Le Bélarus libre est une femme

Un texte d’Olga Tokarczuk, Prix Nobel de Littérature

A Minsk Foto: Belsat/CC-BY-SA/4.0Int

(Marc Chaudeur) – C’est quand le soleil disparaît, que les caméras s’éteignent et que les défilés de femmes en blanc rejoignent la nuit que la répression commence réellement : insultes, menaces, harcèlements, tabassages, arrestations, enlèvements, parfois viols et détention illégale… Quoi qu’il en soit, Olga Tokarczuk, écrivain géniale, autrice du Voyage des Gens du Livre, des Pérégrins et surtout, des Livres de Jacob (traduction française l’an dernier), très impliquée socialement et politiquement, devait nécessairement réagir aux événements de Bélarus. Voici son texte, paru en langue polonaise et, très vite, en bélarusse.

« Le Bélarus libre est une femme - Je me souviens du temps où, dans la Pologne communiste, les opposants se voyaient promettre la libération des prisons ou de l’internement en échange d’une décision d’émigrer. Je vis dans un pays spécialisé naguère dans l’exil.

«  Par conséquent, la réaction des autorités de l’État bélarusse qui forcent leurs citoyens récalcitrants à partir pour l’étranger ne me surprennent pas. Je reconnais ce modèle et son paradoxe spécifique. Voici : la promesse de liberté n’est essentiellement que l’asservissement. Et rester dans un pays quand on est menacé e persécution, d’arrestation et de vengeance sur ses proches… devient un signe de la vraie liberté !

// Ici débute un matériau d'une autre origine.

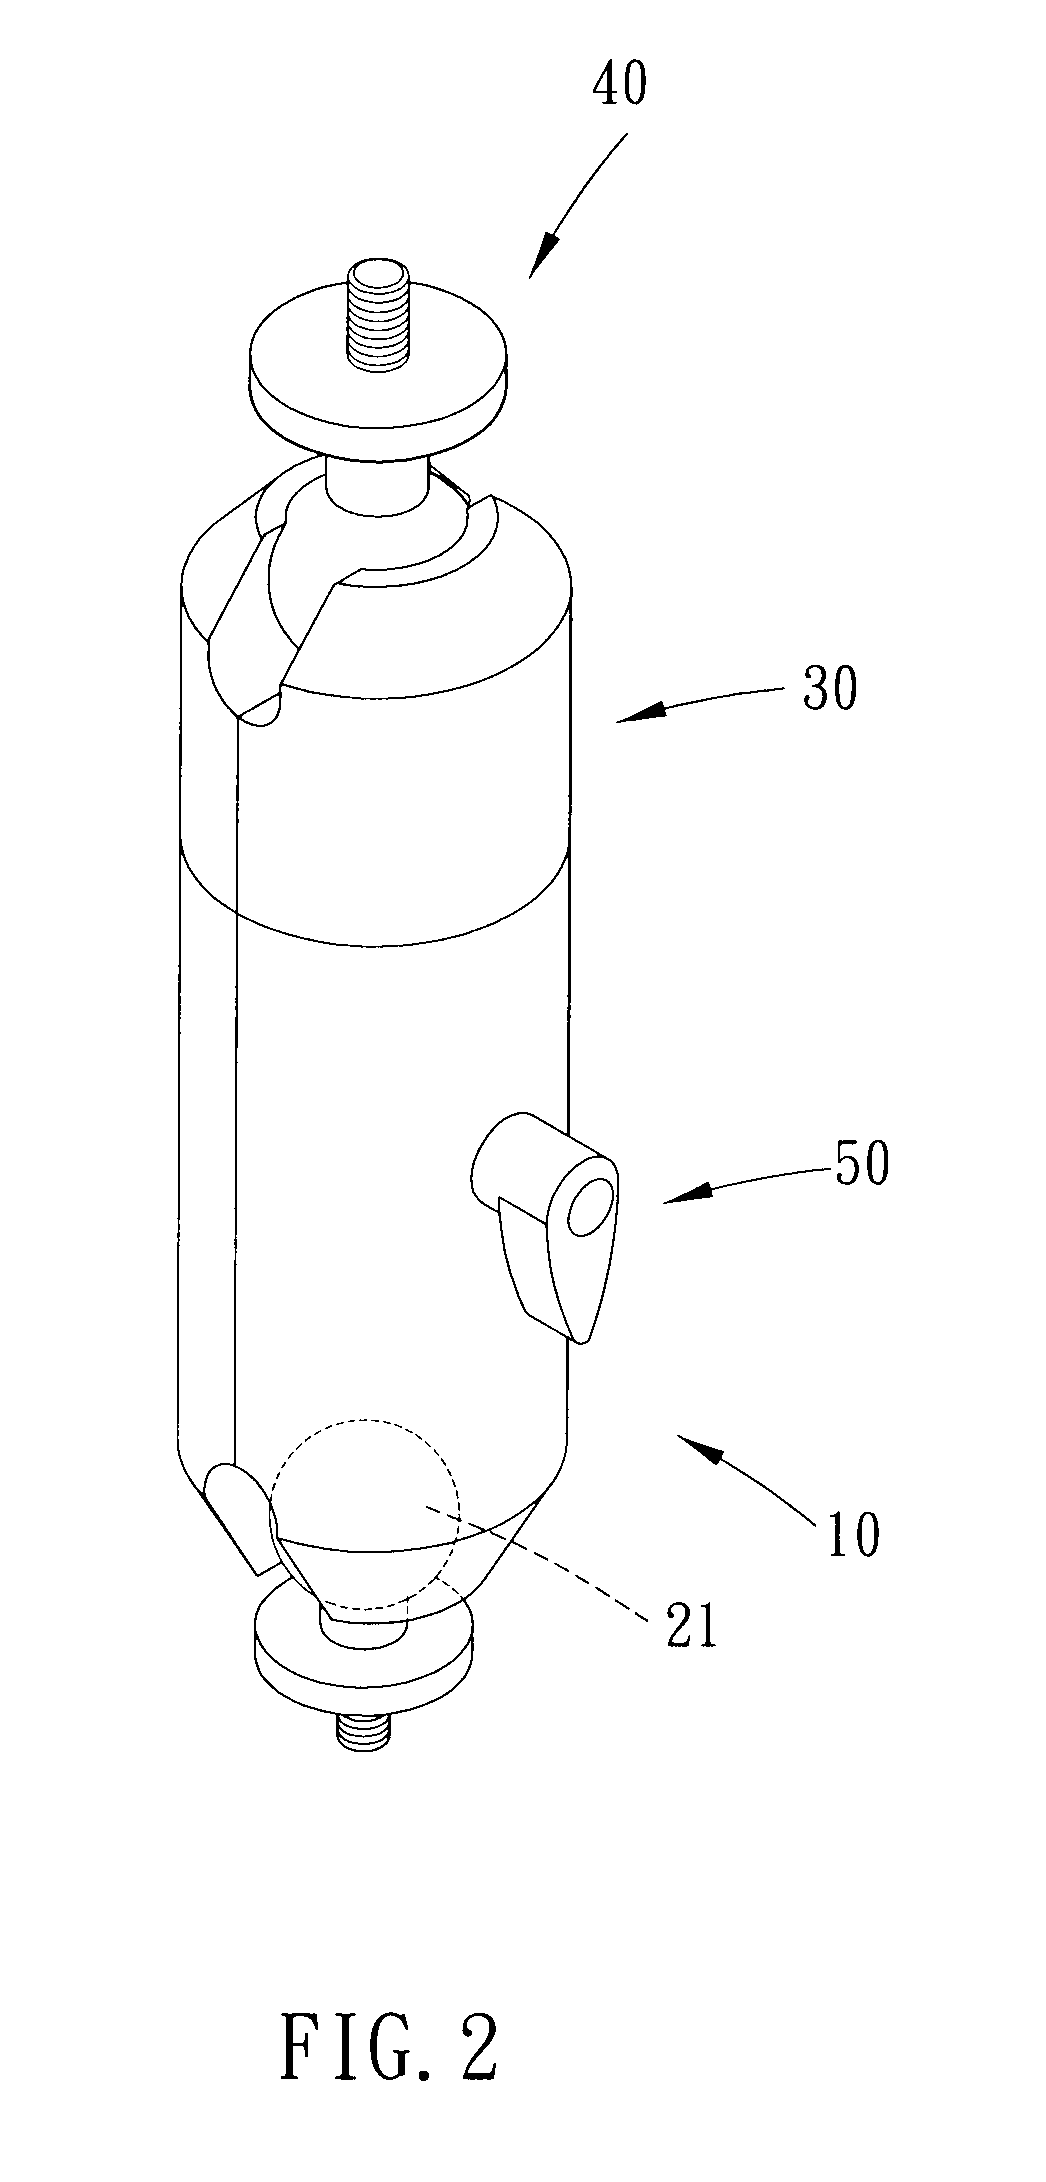 Universal fastening apparatus

«  Dans mon pays, dans de nombreux pays de l’ancien bloc de l’Est, cet héroïsme est longtemps apparu comme l’action des hommes. Du moins, c’est ainsi que l’Histoire a été écrite pour nous. Mais aujourd’hui, le Bélarus libre est une femme.

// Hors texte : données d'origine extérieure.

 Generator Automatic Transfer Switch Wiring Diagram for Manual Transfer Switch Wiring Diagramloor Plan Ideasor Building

« Aliaksandr Loukachenka a dit un jour : « Notre constitution est telle qu’il est difficile pour un homme de porter le fardeau du pouvoir ; et si vous passez ce fardeau à une femme, la pauvre, elle tombera ! » Mais j’ai une mauvaise nouvelle pour vus et une bonne nouvelle pour le monde entier : cette femme ne tombera pas. Et de plus, elle se battra pour la liberté du Bélarus.

« J’admire des dizaines de milliers de femmes qui manifestent pour défendre les hommes contre les attaques des OMON. Je pense aux femmes politiques bélarusses dont le monde entier connaît aujourd’hui les noms et qui sont devenues un symbole de la lutte pour la démocratie. A propos de Maria Kalesnikava, kidnappée par la police, qui a déchiré son passeport pour éviter d’être forcée de traverser la frontière ukrainienne. A propos de Sviatlana Tsikhanouskaia et de Veranika Tsapkala, qui ont été forcées d’émigrer. A propos d’Olga Kowalkowa qui a été emmenée de force à la frontière polonaise.

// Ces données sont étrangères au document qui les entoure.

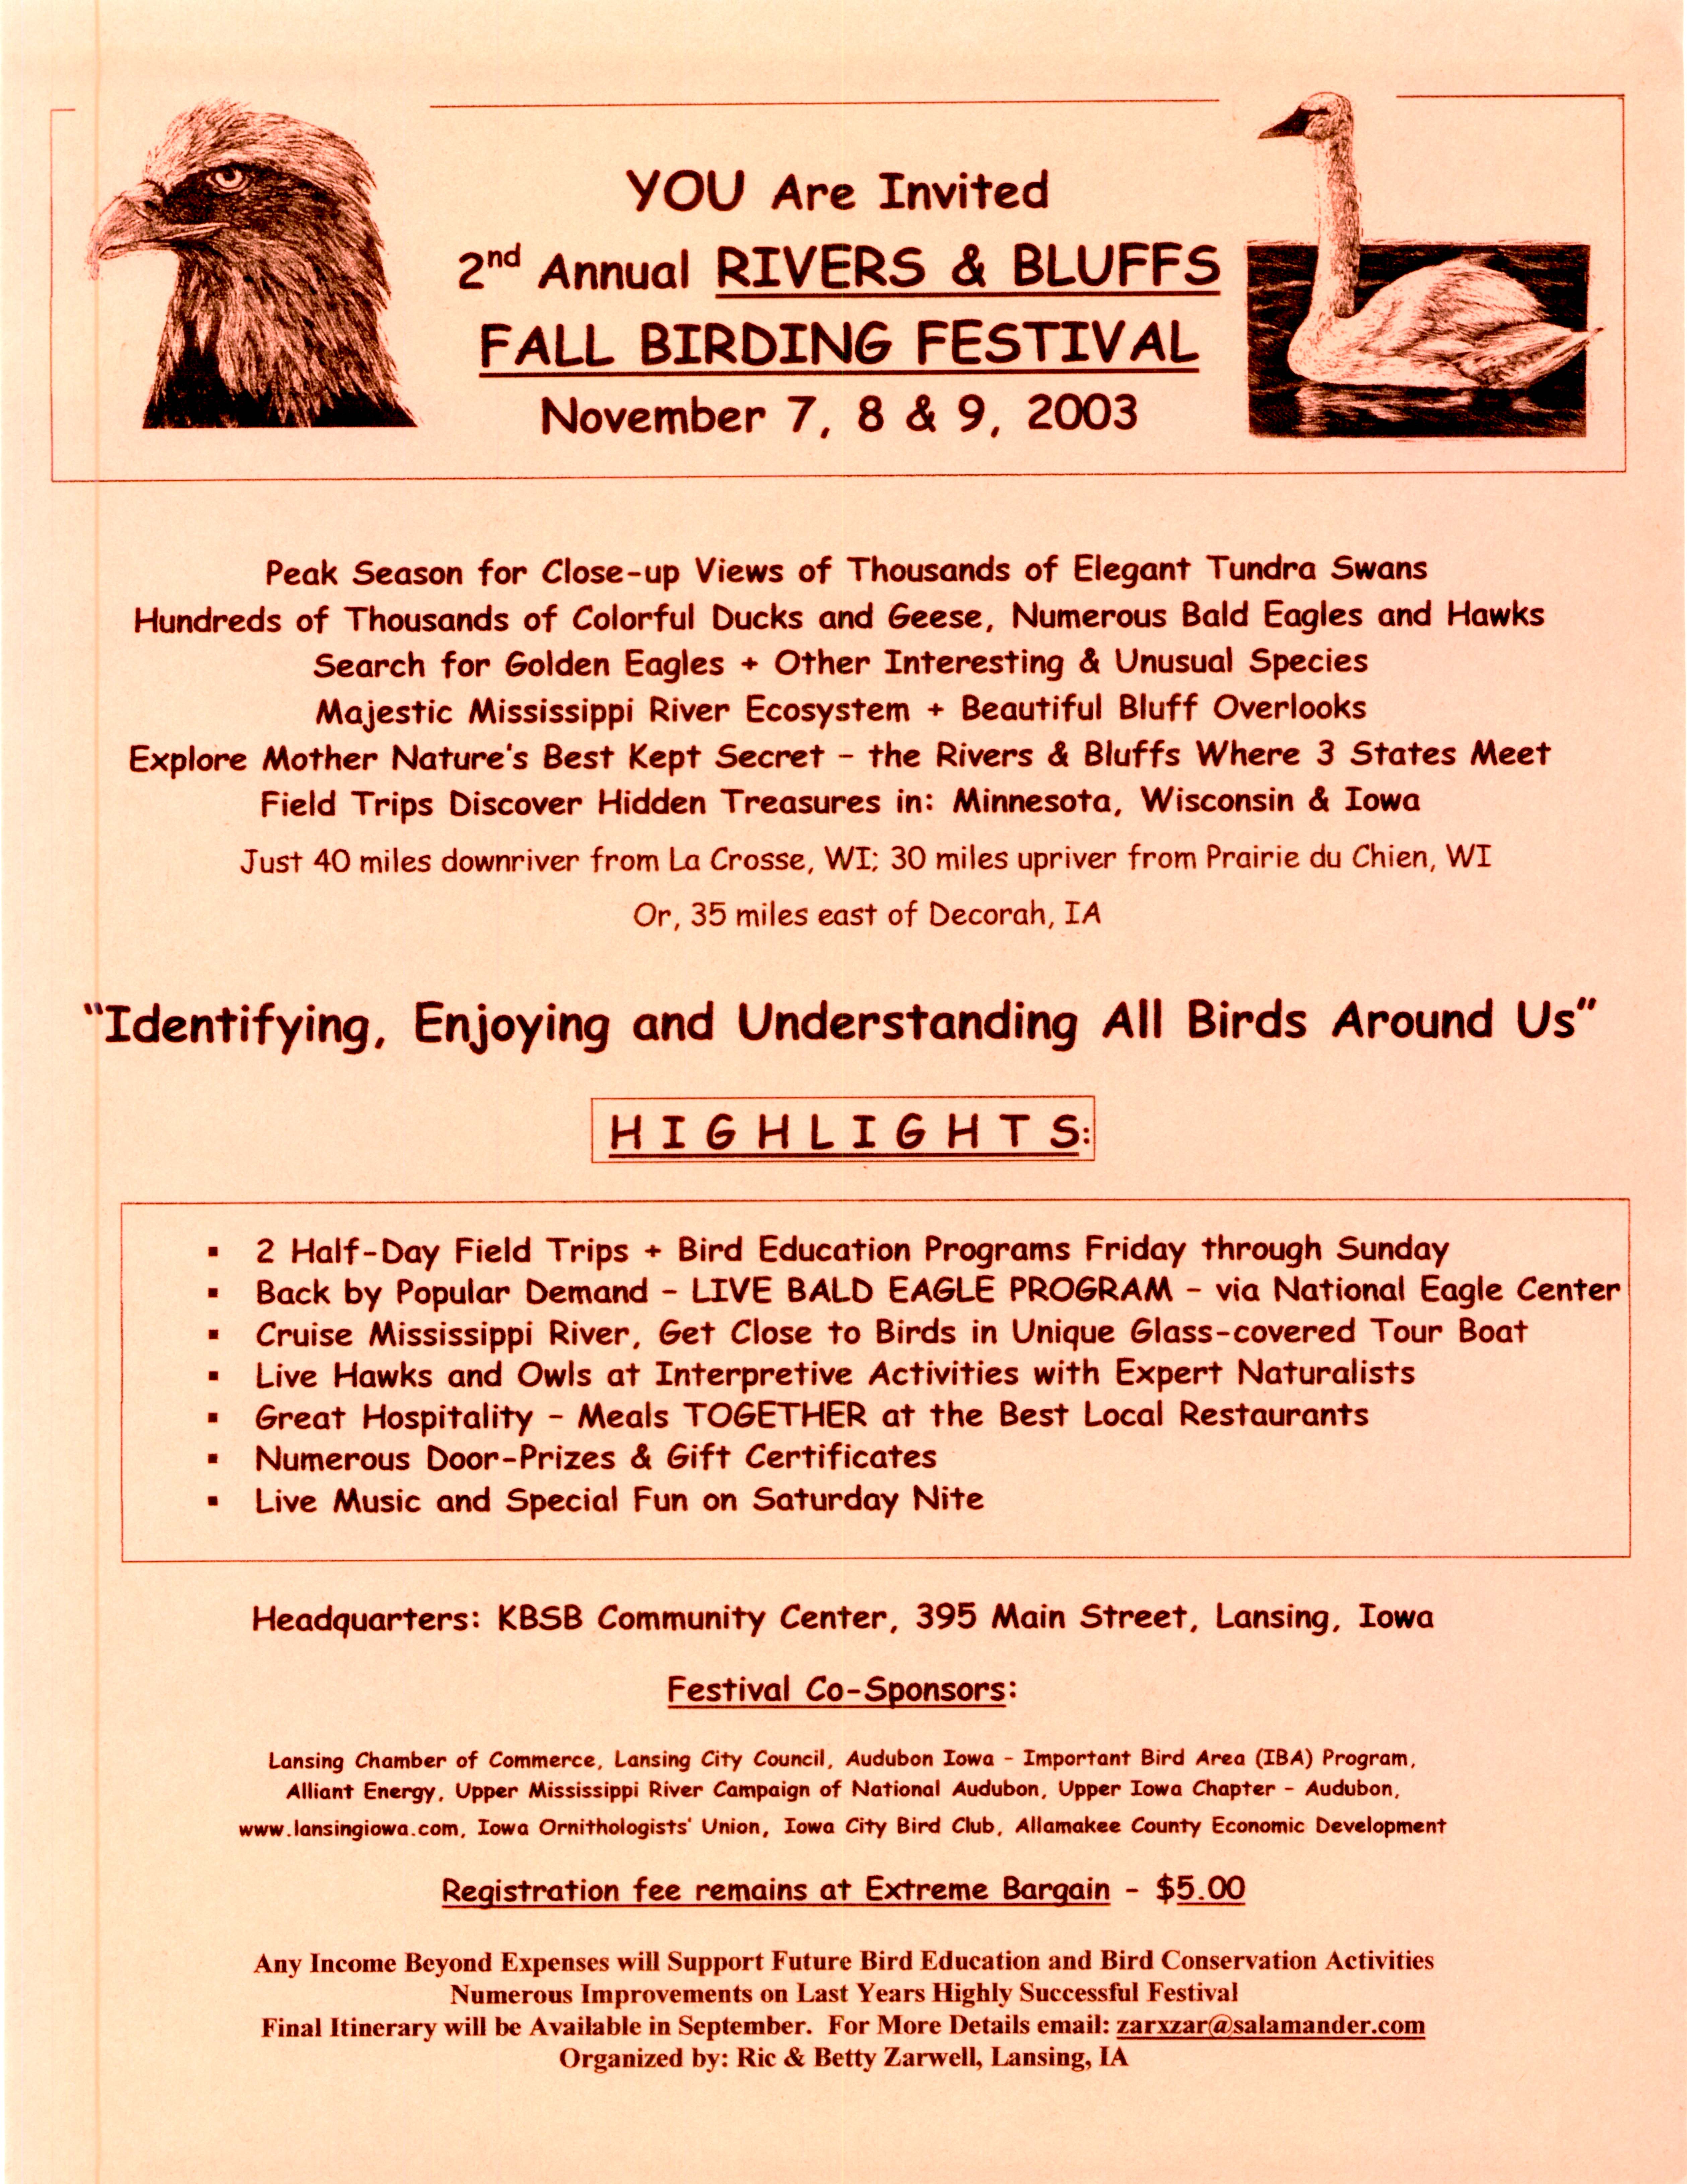 Invitation to Fall Birding Festival in Lansing, Iowa, November 7-9, 2003

« Je pense surtout à Sviatlana Alekseievitch, une autrice exceptionnelle, lauréate du Prix Nobel et comme je l’ai appris, dernier membre du Conseil de Coordination de l’opposition.

« Sviatlana, je voudrais que vous sachiez que si cela nous était possible, je me trouverais evant votre maison avec des journalistes indépendants qui vous défendraient. Avec nos mains serrées en poings. »

Le texte d’Olga Tokarczuk est à lire en polonais dans la Gazeta Wyborcza, et en bélarusse dans Nacha Niva.